What to produce -> Find "2MASS J0523-1403" in the material, then return exactly the line containing it and all lines after it to the end, leaving out pictures.

Provided data ->
# # # #
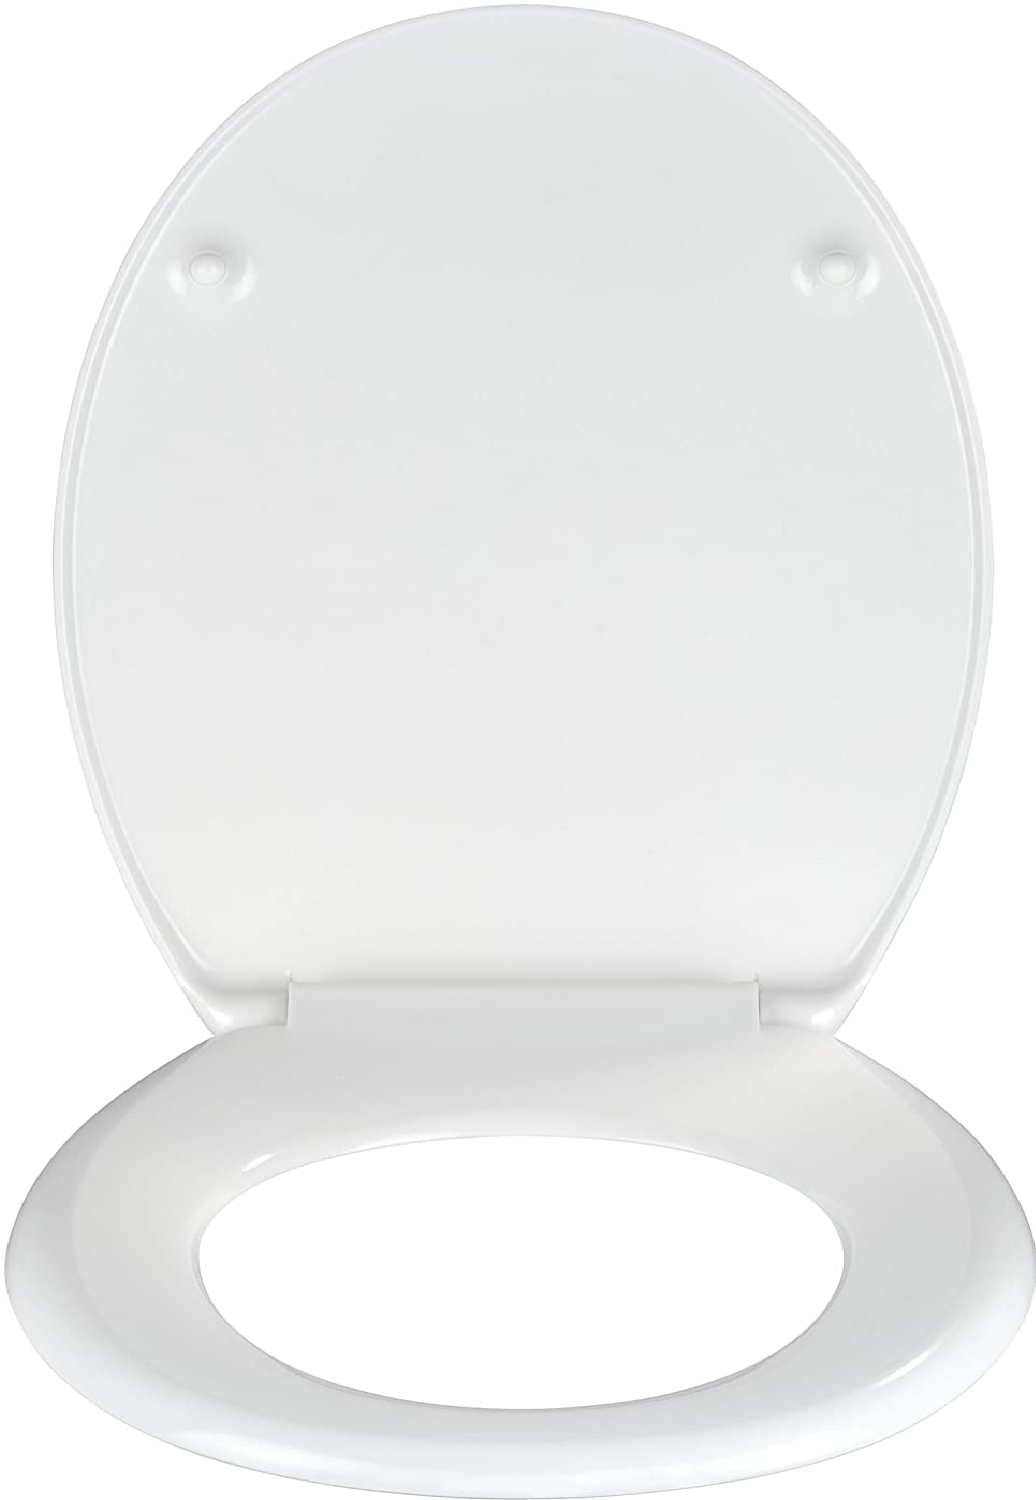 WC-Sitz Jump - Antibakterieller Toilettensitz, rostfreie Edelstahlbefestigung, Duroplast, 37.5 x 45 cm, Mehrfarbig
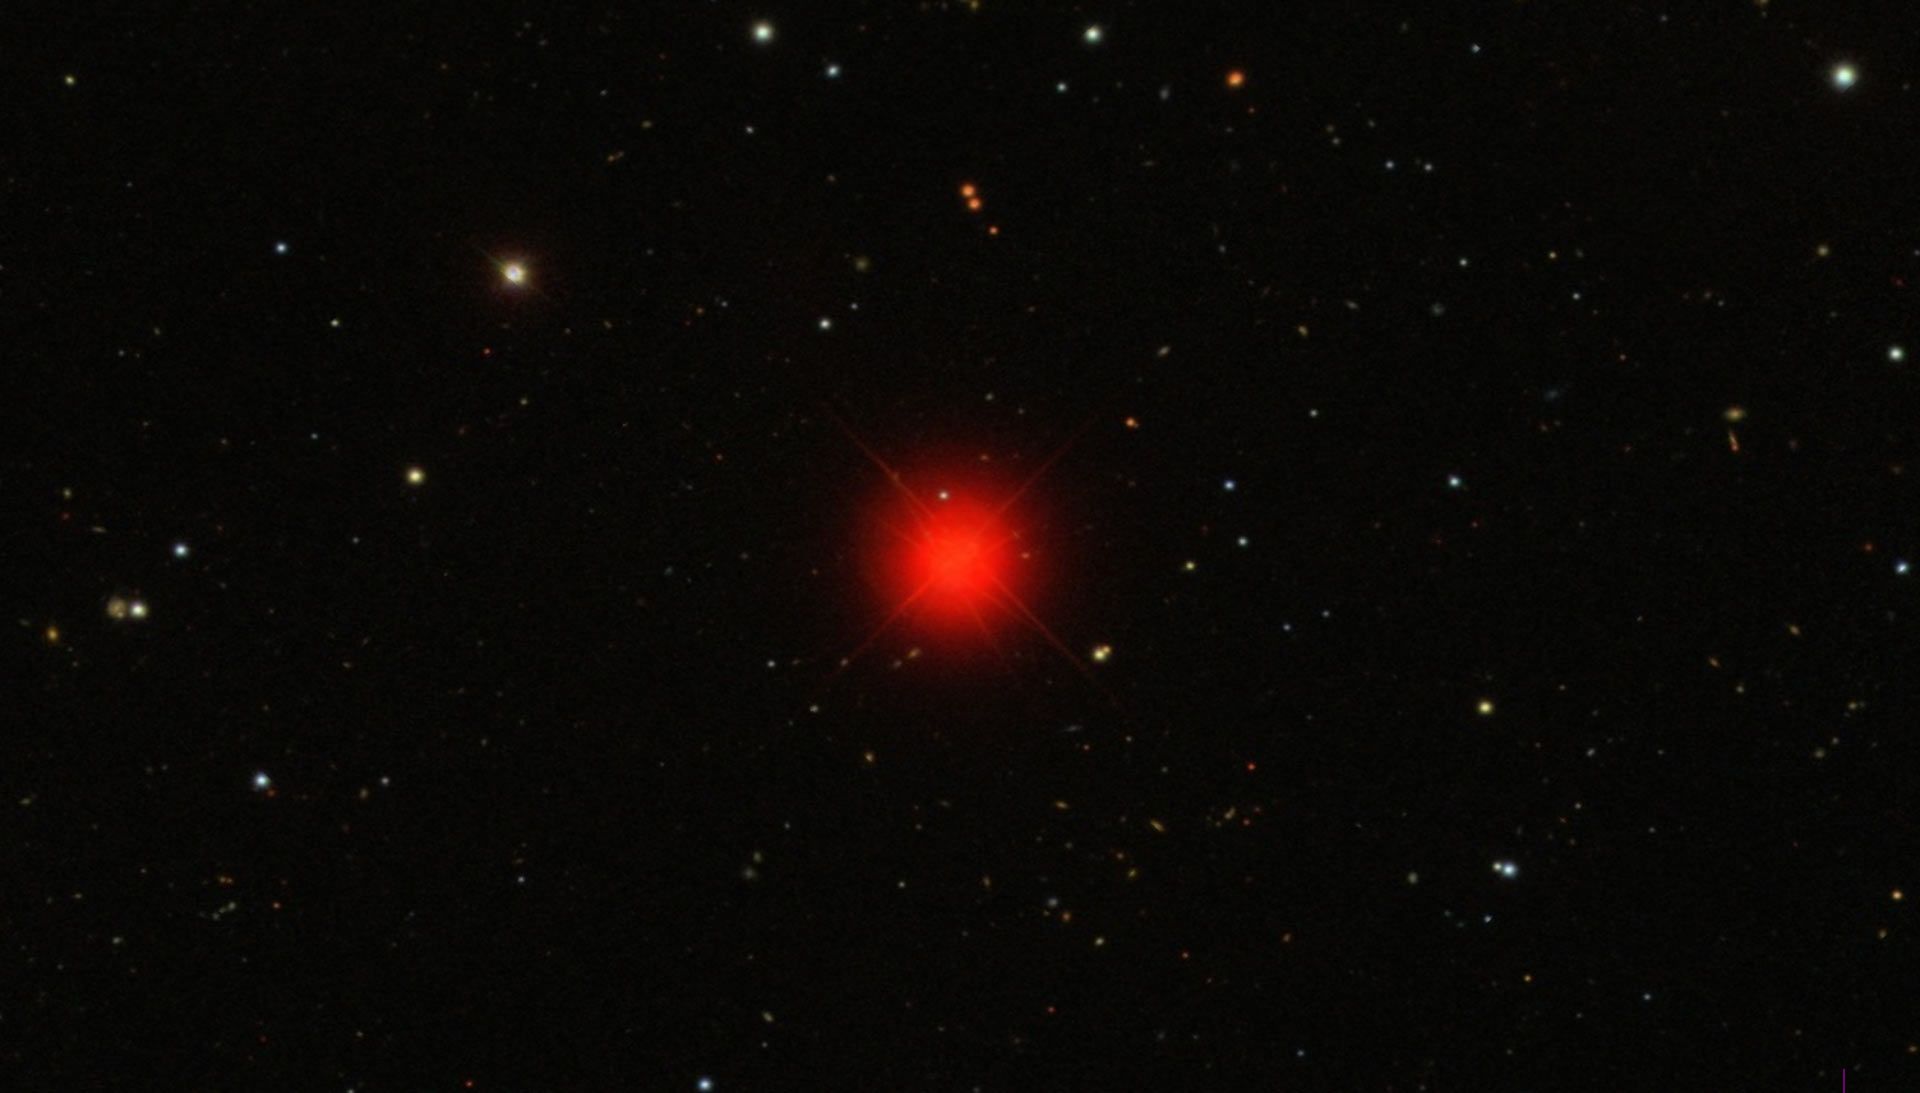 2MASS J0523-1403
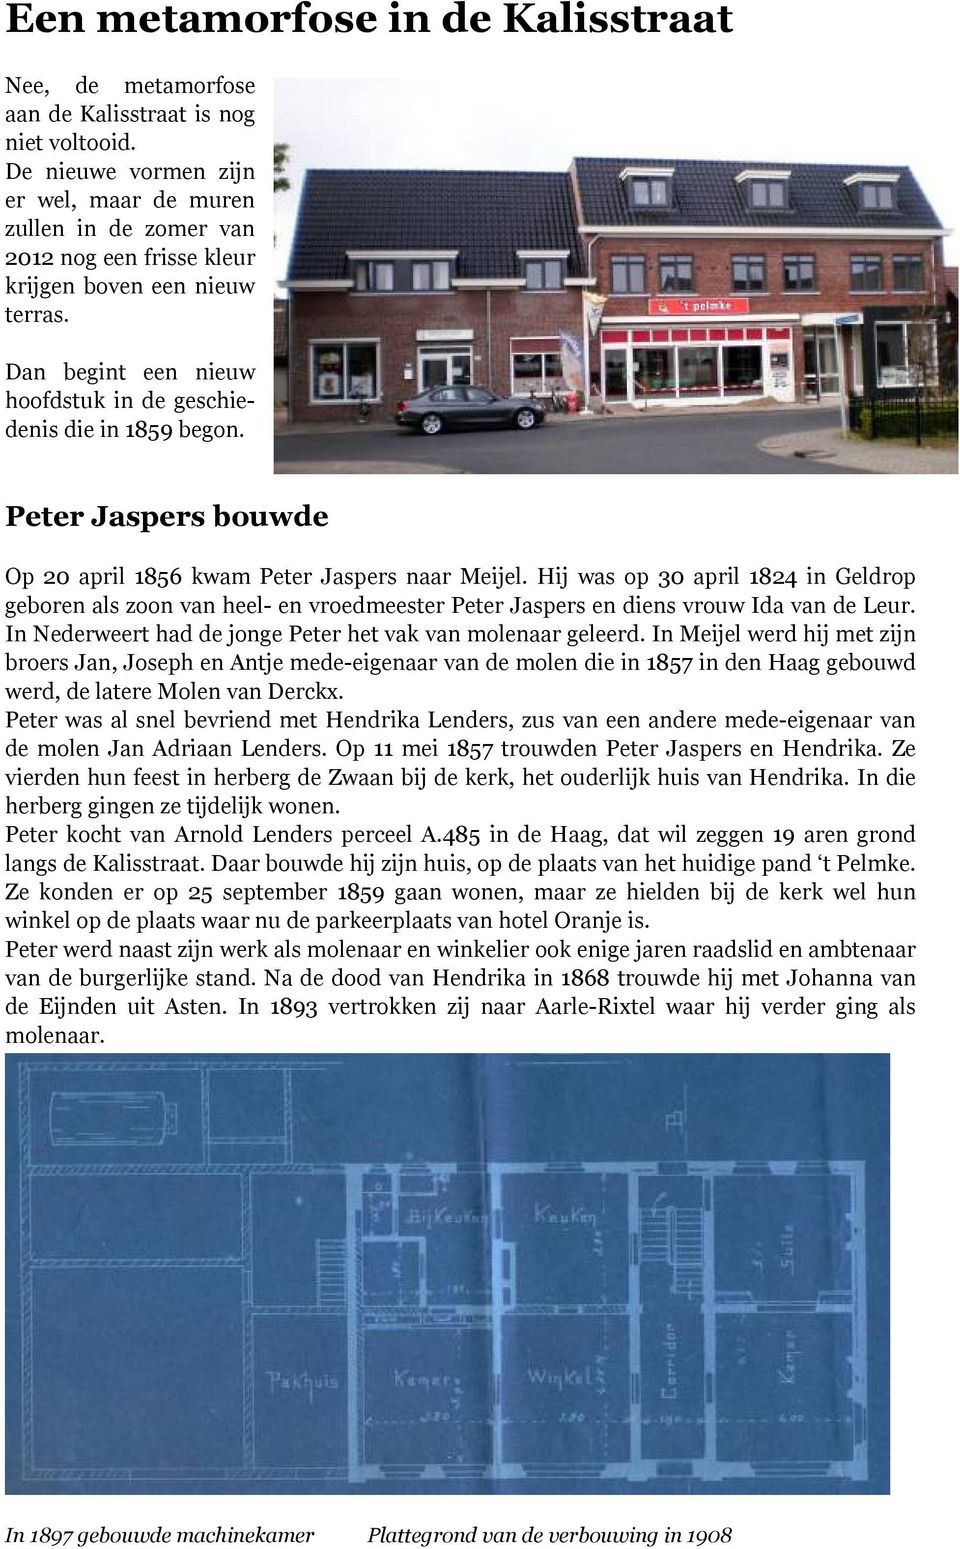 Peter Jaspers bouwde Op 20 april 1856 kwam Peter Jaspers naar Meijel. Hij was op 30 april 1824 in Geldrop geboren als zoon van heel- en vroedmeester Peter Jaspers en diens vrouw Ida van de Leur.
# # # #
Solution for this exercise ->
 2MASS J0523-1403
 Peter Jaspers bouwde Op 20 april 1856 kwam Peter Jaspers naar Meijel. Hij was op 30 april 1824 in Geldrop geboren als zoon van heel- en vroedmeester Peter Jaspers en diens vrouw Ida van de Leur.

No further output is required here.